There are support groups for those who recruited others into Jamestown, and happened not to be there when the day the Kool Aid came out, how do they live that down?
Lily, the MOL woman in your life, her behaviors drive your family bananas, I understand. You state she was probably a little off-balance to start. She went to an Intensive genuinely for help! Please have compassion. She was genuinely seeking help to become balanced.
And instead became further imbalanced, in support of the "Mission" and her call "Home".
It is so good that she is reading the public postings, and telling her other
MOL friends! That is not for you to be afraid of. Maybe she will seek true help now! It is a decision that she must make on her own, as part of her recovery. Making decisions FOR her, or for other cult members, only furthers their lack of self determination. Relearning to make own decisions, without dependence upon external approval, is a slow process.
Maybe she and others will slowly wake up because the postings - that is part of the purpose of this electronic hiking trail to MOL recovery. Everyone here has found it! No doubt, MOL has a retort planned for each and every statement made on the postings. It will be incredibly painful for anyone to 'wake up' to how they have been used / exploited,
when they truly trusted they were receiving support and guidance from well intentioned spiritual leaders. Just waking up to such a realization could cause a psychological / emotional break down. That is why a professional is useful to help this process - exit counseling.

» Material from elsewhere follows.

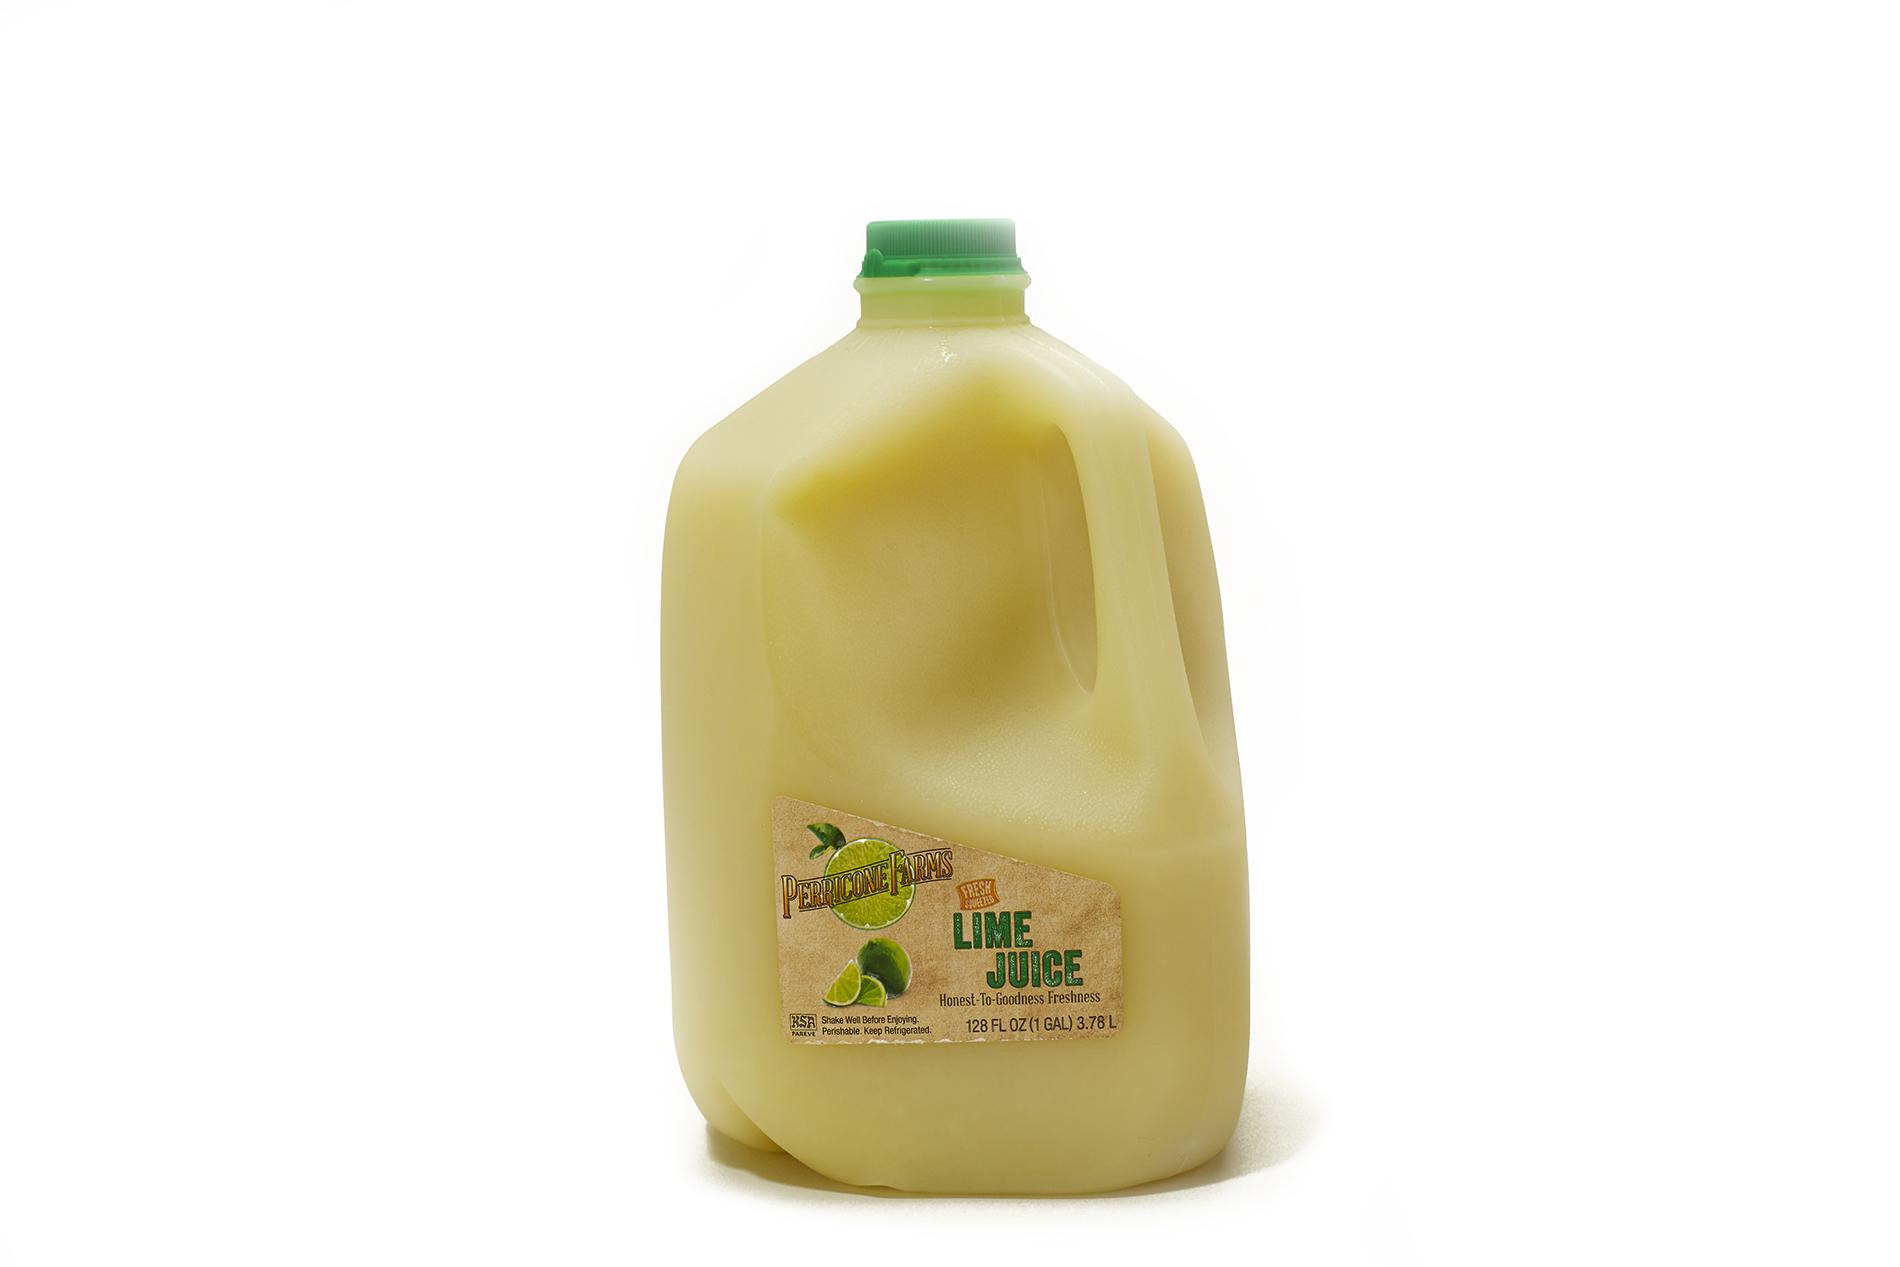 Gallon jug of fresh lime juice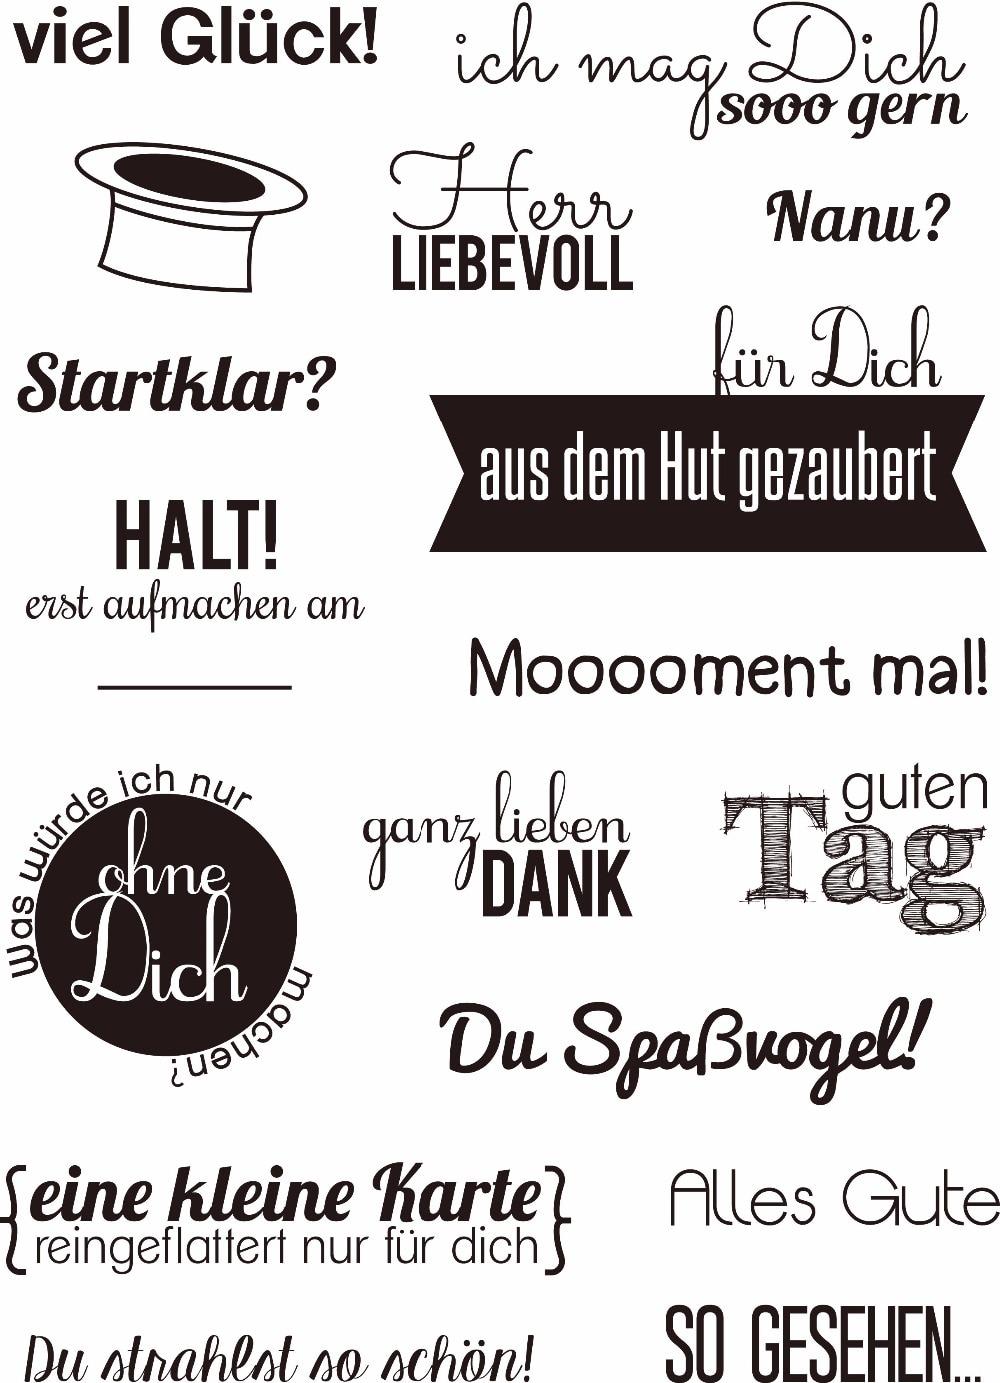 Deutsch wort Transparent Klar Silikon Stempel/Dichtung für DIY scrapbooking/fotoalbum Dekorative klare stempel A142

In Lalich's Bounded Choice" (the book evolved from her Phd Disertation about cults), she writes that a cult member never fully loses
their noncult persona, it just becomes increasedly bound, their perceived options in life are from an increasingly narrow arena. The way to help them see out of that arena, is for the person (therapist) to find that area where the individual still perceives the range of individual choice, and slowly build on that - painstakingly slow process. The cultee will repeatedly hit their internalized walls of restricted options.
My personal concern, is truly how absolutely brilliantly the leaders of MOL have designed their programed thought reform... it hits on each and every one of the methods of thought reform. last year, when I contacted every single cult expert in the USA for information about MOL, in the interest of arranging an intervention for my exBF... they each and every one, told me that Interventions for folks in MOL were the
toughest interventions of all. IMHO, these people are really 'washed! so so sad.
As solway wrote "There are no winners here."